Now let’s create the ignition config files.

openshift-install create ignition-configs --dir install_dir/

Set the environment variables for your environment. Please set the values as per your needs.

export BASE_DOMAIN=openshift.com
export BASE_DOMAIN_ZONE_NAME=ocp-private-zone
export NETWORK=ocp-network
export MASTER_SUBNET=master-subnet
export WORKER_SUBNET=worker-subnet
export NETWORK_CIDR='10.1.0.0/16'
export MASTER_SUBNET_CIDR='10.1.10.0/24'
export WORKER_SUBNET_CIDR='10.1.20.0/24'
export KUBECONFIG=/root/install_dir/auth/kubeconfig 
export CLUSTER_NAME=`jq -r .clusterName /root/install_dir/metadata.json`
export INFRA_ID=`jq -r .infraID /root/install_dir/metadata.json`
export PROJECT_NAME=`jq -r .gcp.projectID /root/install_dir/metadata.json`
export REGION=`jq -r .gcp.region /root/install_dir/metadata.json`
export CLUSTER_NETWORK=(`gcloud compute networks describe ${NETWORK} --format json | jq -r .selfLink`)
export CONTROL_SUBNET=(`gcloud compute networks subnets describe ${MASTER_SUBNET} --region=${REGION} --format json | jq -r .selfLink`)
export COMPUTE_SUBNET=(`gcloud compute networks subnets describe ${WORKER_SUBNET} --region=${REGION} --format json | jq -r .selfLink`)
export ZONE_0=(`gcloud compute regions describe ${REGION} --format=json | jq -r .zones[0] | cut -d "/" -f9`)
export ZONE_1=(`gcloud compute regions describe ${REGION} --format=json | jq -r .zones[1] | cut -d "/" -f9`)
export ZONE_2=(`gcloud compute regions describe ${REGION} --format=json | jq -r .zones[2] | cut -d "/" -f9`)

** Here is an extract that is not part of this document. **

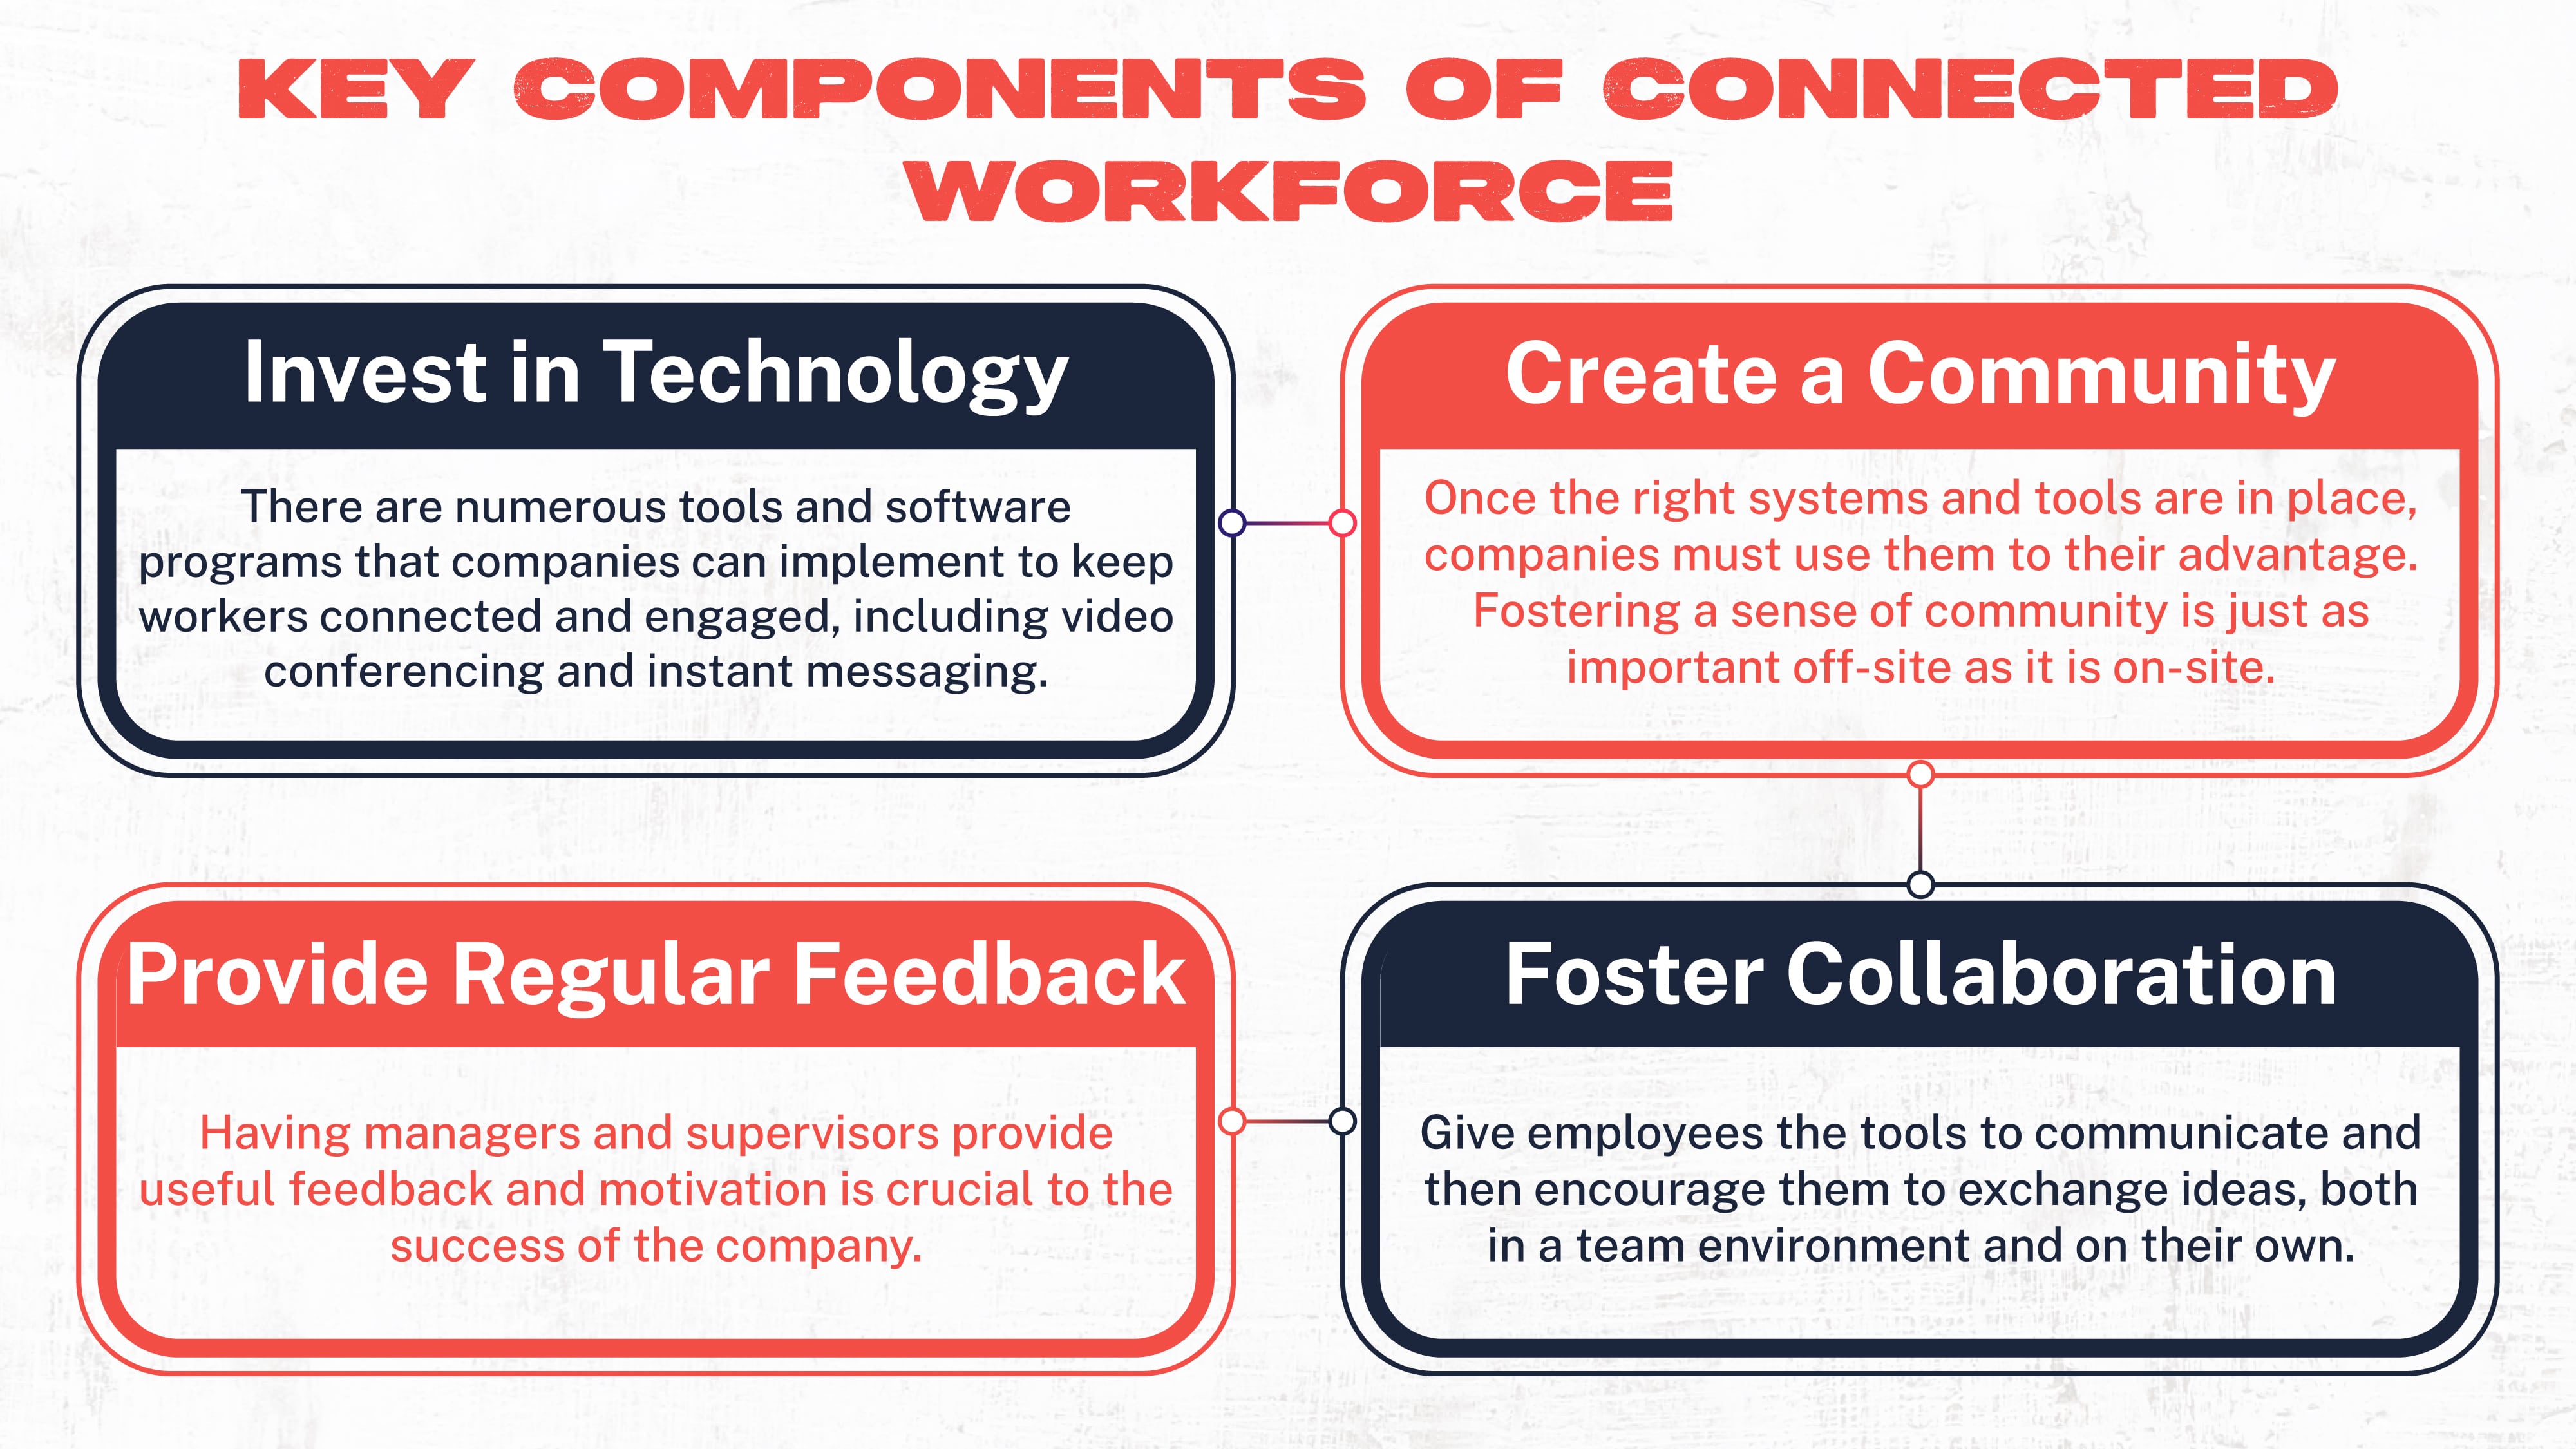 Key Components of Connected Workforce

These environment variables will be required for the upcoming commands as they call these variables in them, so be sure to set these.

Now we create the internal loadbalancer component that will be used for api related communication by the cluster nodes. The following commands will create the load balancer, its corresponding health check component, as well as the backend empty instance groups into which the master nodes will be put into at the time of Master nodes creation in a later step.

Create the .yaml file

cat <<EOF >02_infra.yaml
imports:
- path: 02_lb_int.py 
resources: 
- name: cluster-lb-int
  type: 02_lb_int.py
  properties:
    cluster_network: '${CLUSTER_NETWORK}'
    control_subnet: '${CONTROL_SUBNET}' 
    infra_id: '${INFRA_ID}'
    region: '${REGION}'
    zones: 
    - '${ZONE_0}'
    - '${ZONE_1}'
    - '${ZONE_2}'
EOF

Create the corresponding GCP object:

gcloud deployment-manager deployments create ${INFRA_ID}-infra --config 02_infra.yaml

We now need to get the Cluster IP. This is basically the loadbalancer IP that we created in the previous step. This IP is used as the Host IP addresses for the DNS record sets that will be put into our private DNS zone.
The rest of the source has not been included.